## DATASET CONTENT
——

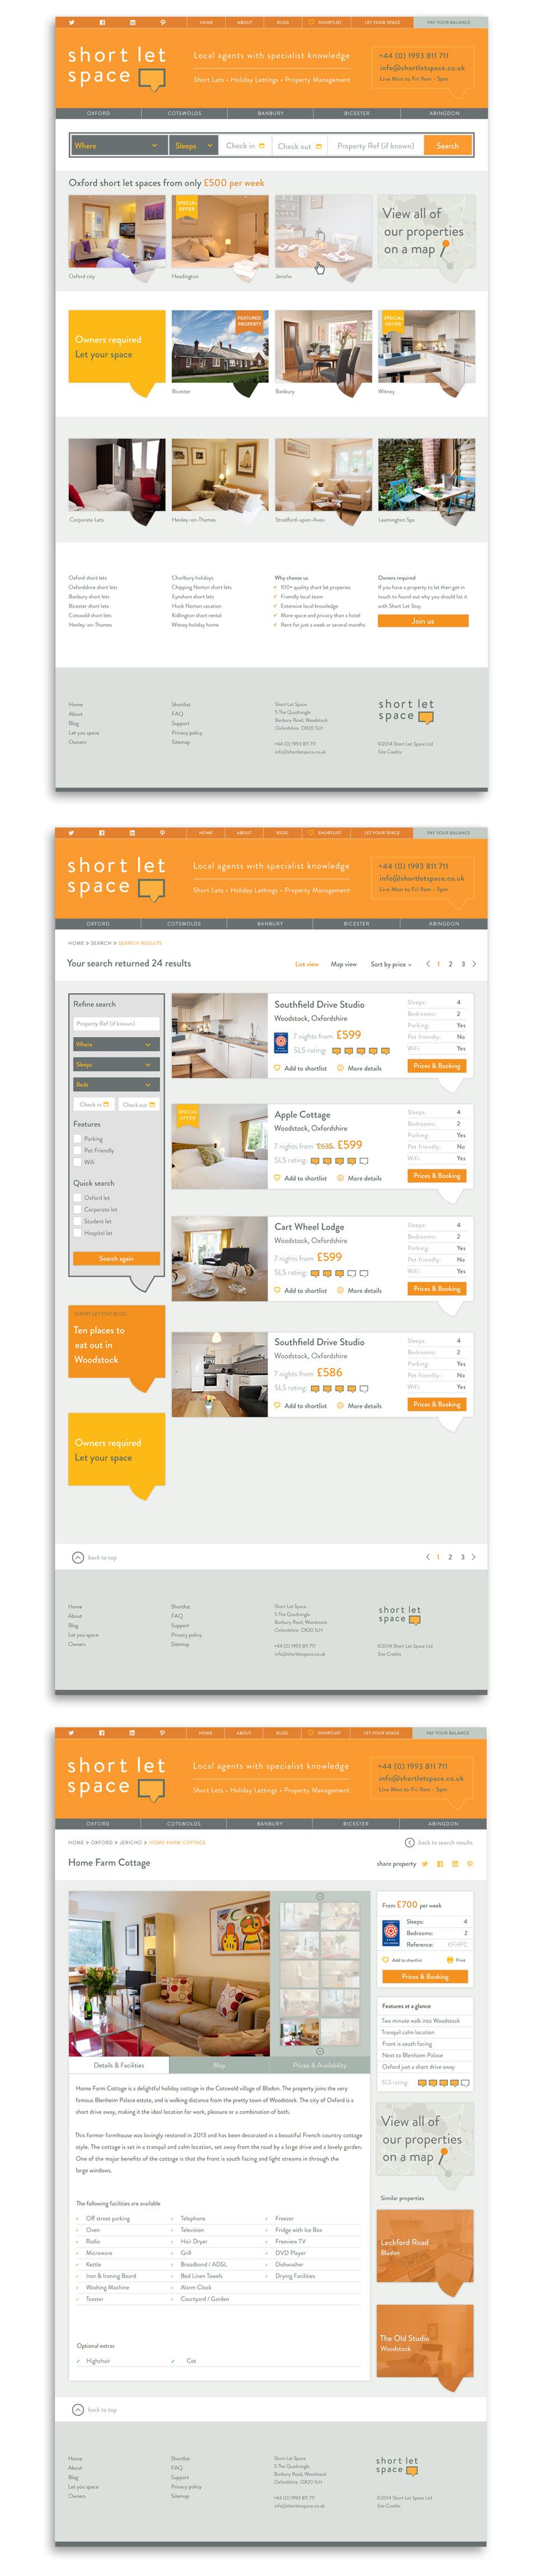 sls-website
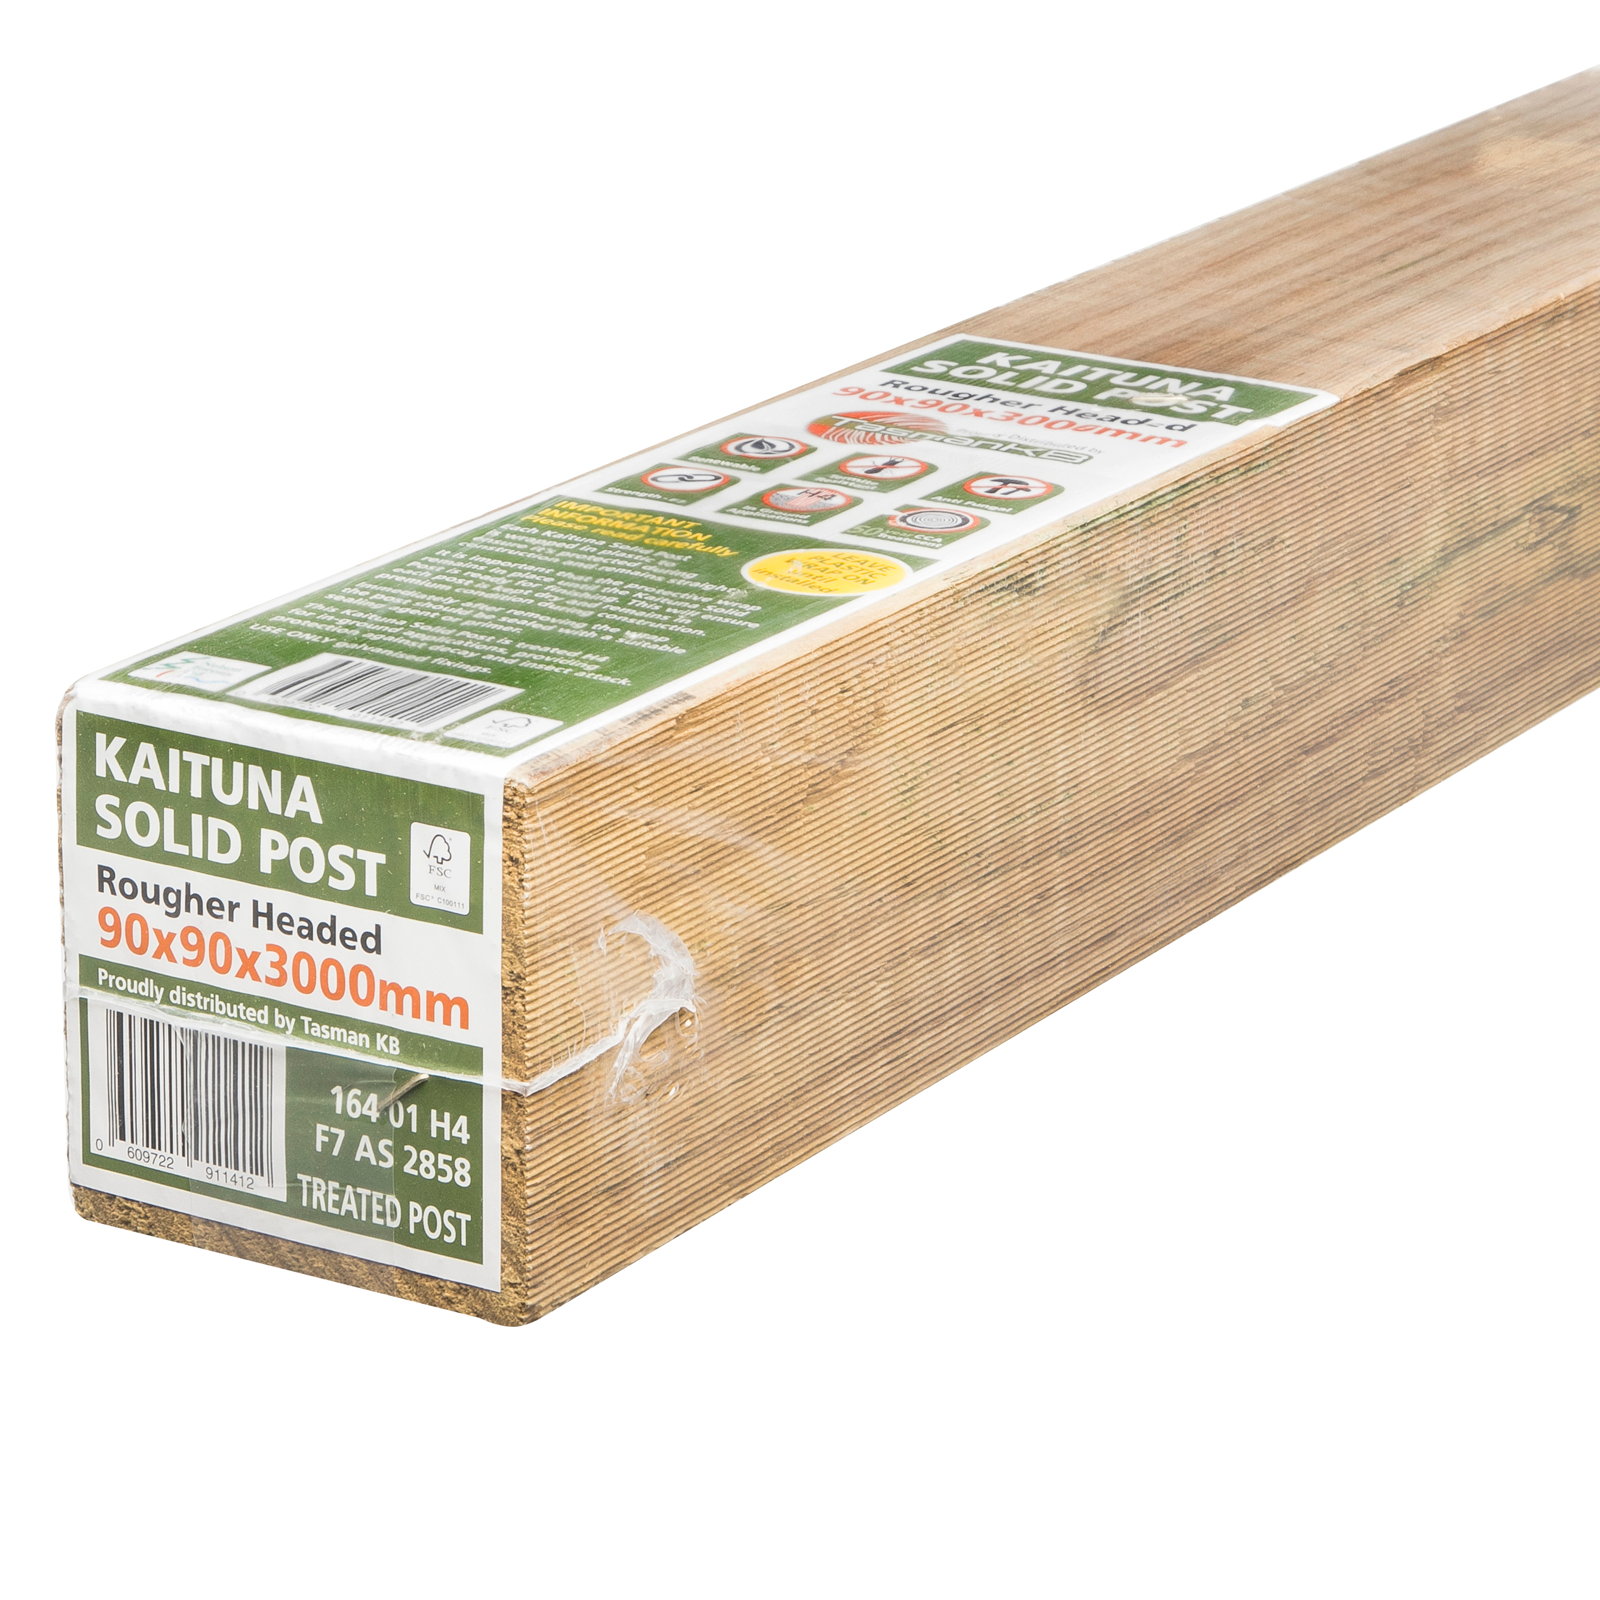 Tasman KB 90mm x 90mm x 3.0m Premium Wrapped F7 KD H4 RH Treated Pine
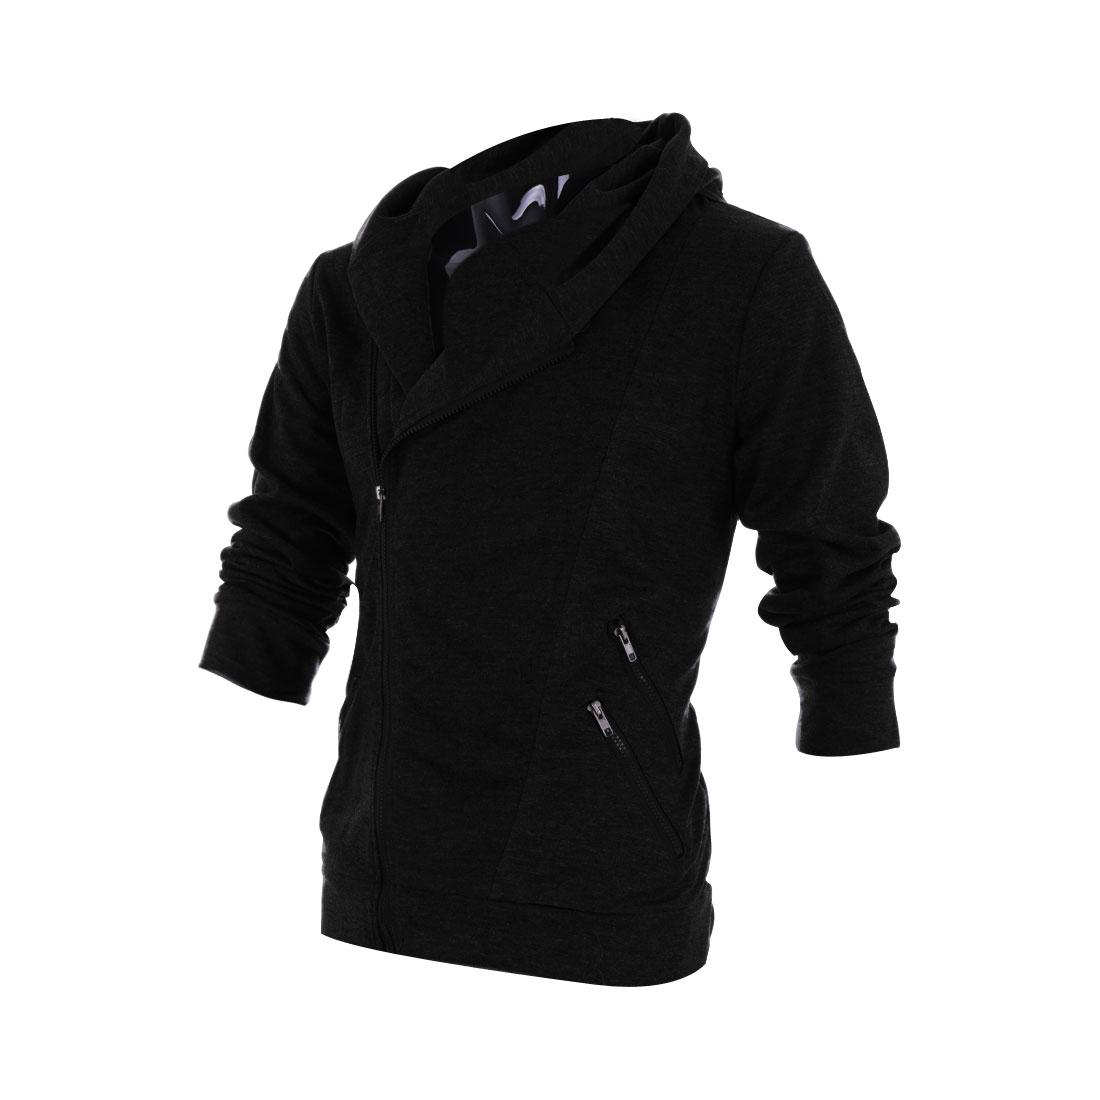 Men Slant Zip Closure Long Sleeve Hoodies Black M

——

## PROBLEM TO SOLVE
Please copy out each line above exactly as written, but not the pictures.

## SOLVED PROBLEM
 sls-website
 Tasman KB 90mm x 90mm x 3.0m Premium Wrapped F7 KD H4 RH Treated Pine
 Men Slant Zip Closure Long Sleeve Hoodies Black M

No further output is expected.